Input and output of control programs
Input and output of a control program is one of the simplest actions when working with a CNC machine. To perform this task, you must connect the milling tool to the control device. It can be:
- desktop computer;
- control terminal;
- laptop.
If you are using a computer or laptop, you must first install the machine program on it. These actions are performed by pressing the corresponding keys. They may also be signed in English. Additionally, after selecting a task, you must press the “execute” button. Operations can only be performed when the milling machine is switched off.
Determination of workpiece zero
This value is determined after the milling machines are linked. It will indicate the surface area of the workpiece from which processing will begin. In most cases, the end part of the part is used. It has a physical surface that the tool can touch. If it does not reach the workpiece, you must select another zone. The machine will not move the cutter to the desired location automatically, so the operator must do this.
Important! You cannot start processing a part with idle movement.
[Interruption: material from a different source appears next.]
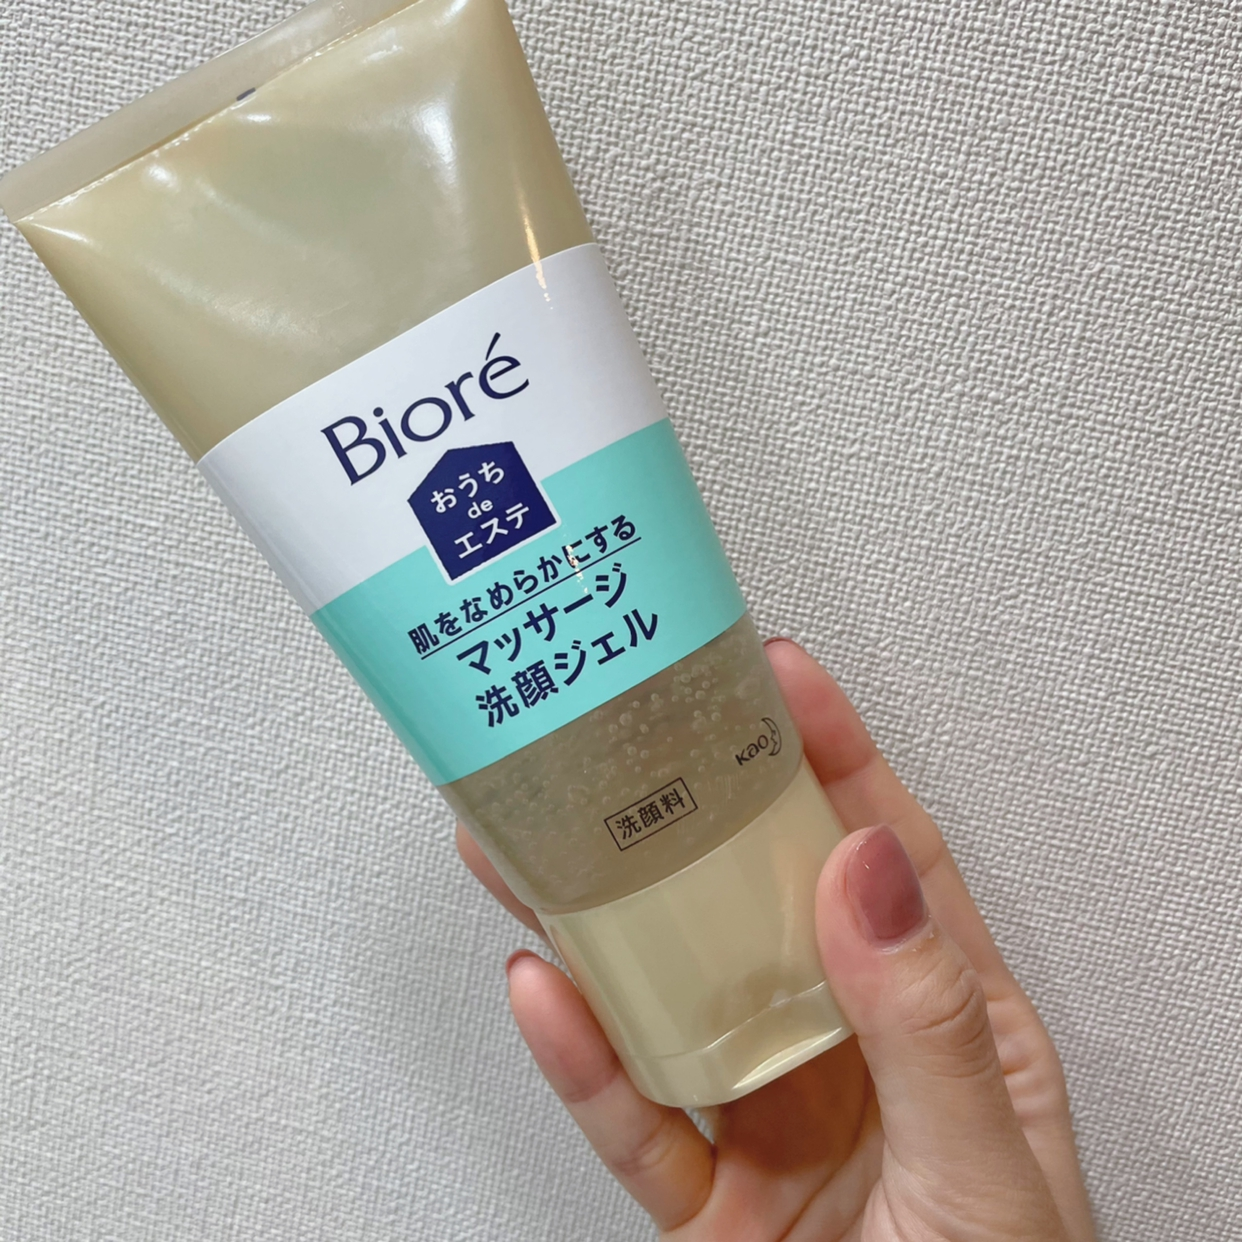 Bioré(ビオレ)洗顔ジェル なめらかを使ったYUUMIさんのクチコミ画像

To determine this value, two functions are provided in the numerical control system:
- the first is designed for one-time processing, and after turning off the machine’s CNC does not retain the value of zero;
- the second is intended for serial processing, and ensures that data is saved after the device is turned off.
Automatic setup
The automatic mode assumes autonomous movement of the tool and control over it frame by frame. If you are milling continuously, you do not need to move the workpiece yourself, but you will need to watch for sounds. At the slightest change in the standard sound, you should press the power button. To do this, it is recommended to keep your hand on the power button when operating it. Otherwise, the workpiece will be damaged and the machine may break down.
The program does not have to be started from the very beginning. But it must begin with the tool change point. Most control programs do not have a restart function. The launch is performed on the computer or controller after selecting the desired frame.